Студенты - Трифонов Юрий Валентинович (читать книги полностью без сокращений бесплатно txt) 📗
Вот и сейчас он подсекает что-то в воздухе решительными косыми взмахами ладони. Его безусое, по-мальчишески смугло-румяное лицо сурово, лоб напряженно собран. У Спартака было редкое качество: не думать о том, как он выглядит со стороны, как принимают его, Спартака Галустяна, худощавого юношу в черном, неуклюже просторном костюме, с тонкой шеей и очень юным, чистым лицом. Как принимают его решение, его мысль, вот что заботило и волновало его.
Сейчас он спорил с комсоргом третьей группы Пичугиной. Пичугина опасалась, что слишком активная работа на заводе помешает многим комсомольцам учиться. Студенты и так загружены…
— Товарищ Пичугина, не надо нас пугать! — говорил Спартак, свирепо выкатив свои черные круглые глаза. — Не надо этого делать! Мы вовсе не собираемся переезжать на завод. Но общественная работа никогда никому не мешала.

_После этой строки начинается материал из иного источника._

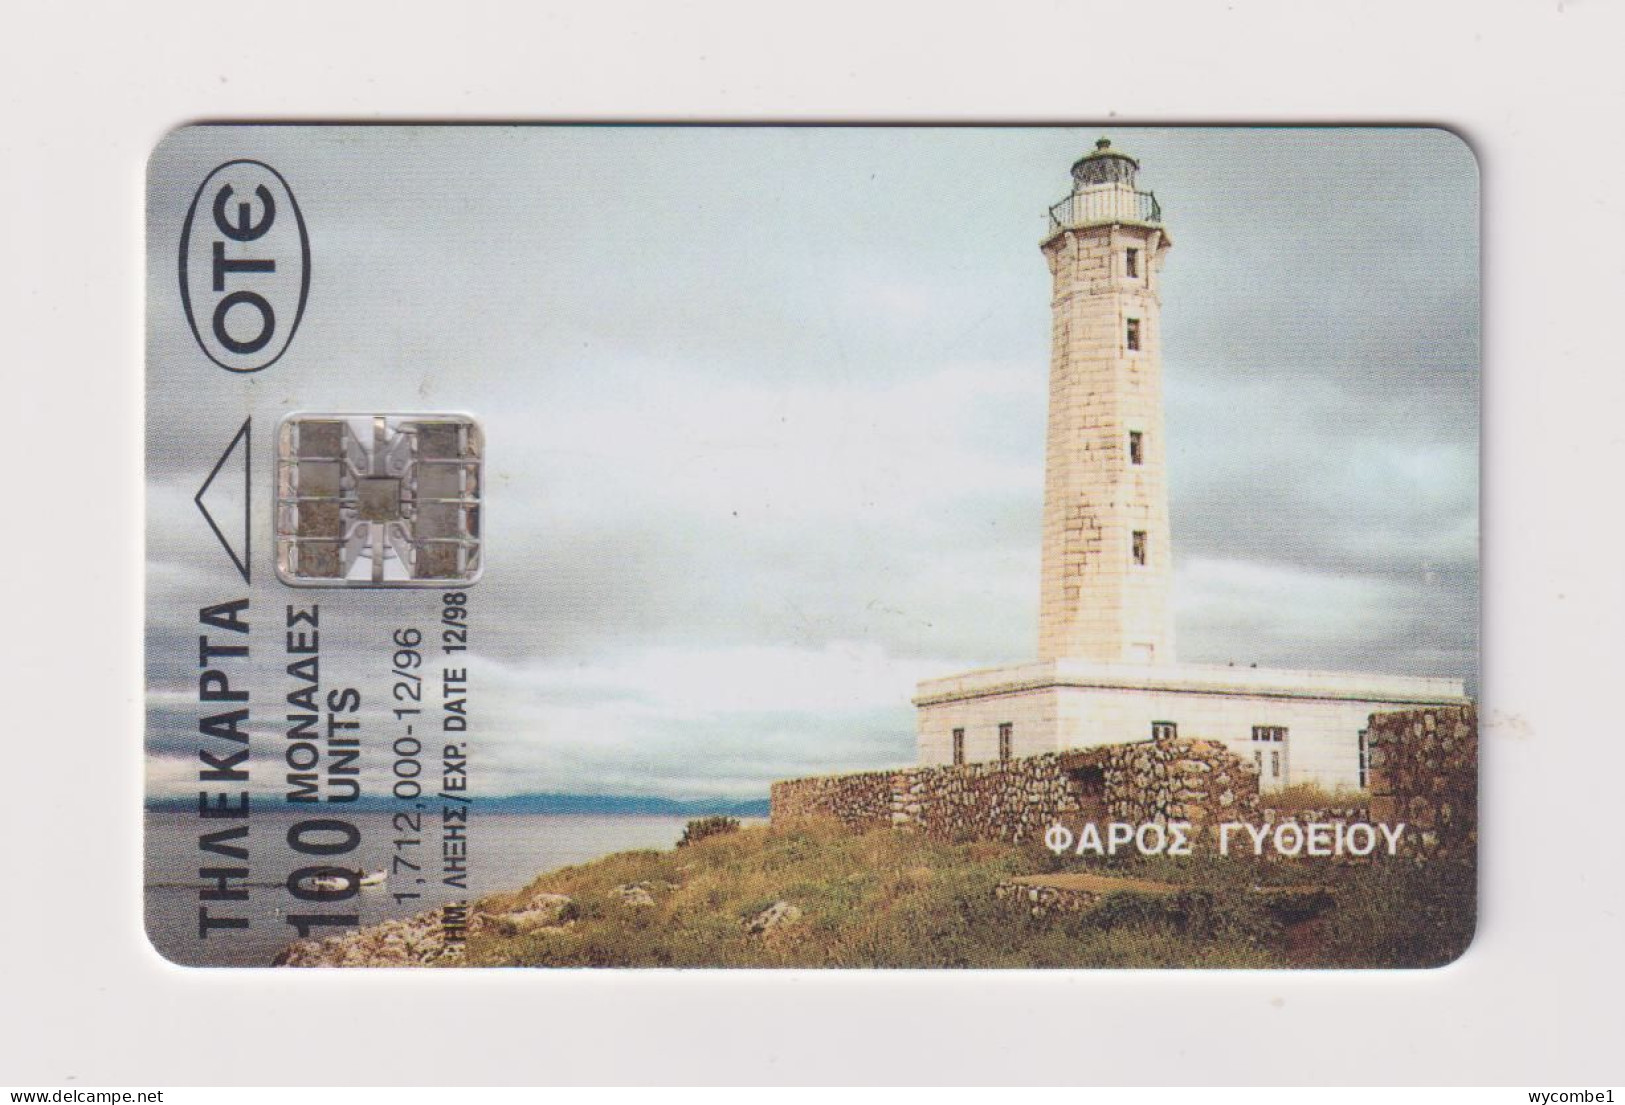 GREECE -  Lighthouse Chip  Phonecard - Griechenland

— Она вам мешает, — сказала Пичугина. — Логику вы до сих пор…
Спартак отмахнулся:
— Ерунда, слушай! Мне мешает другое! И с логикой, кстати, я расквитался. Но дело не в этом! Понимаете, товарищ, когда человек год, два, три сидит в стенах вот такого заведения, как наше, в кругу конспектов, расписаний, библиотечного полушепота и потрясающих — зачетных! — радостей и катастроф, он теряет постепенно ощущение жизни за этими стенами. Да, он читает газеты, слушает радио, он прекрасно выступает на семинарах международного положения и политэкономии! Но жизнь страны, та жизнь, бурлящая… — Спартак перевел дыхание. — Вы понимаете меня? Она не дышит ему в лицо угольной пылью, не обжигает раскаленной топкой! Идет мимо, как будто рядом, а все-таки мимо. Вы скажете: мы студенты, мы тыл пятилетки, резерв пятилетки. Ну, пускай резерв! А все-таки мы можем больше давать стране, чем даем! У нас уже есть кое-какие знания, опыт — они не должны лежать мертвым грузом четыре года. Мы учимся? Учится вся страна. Это раньше — одни учились, другие работали. Теперь учатся все и все работают! Мало общественной работы в институте — стенгазет, клубных лекций, вечеров. Это все для нас, вокруг нас…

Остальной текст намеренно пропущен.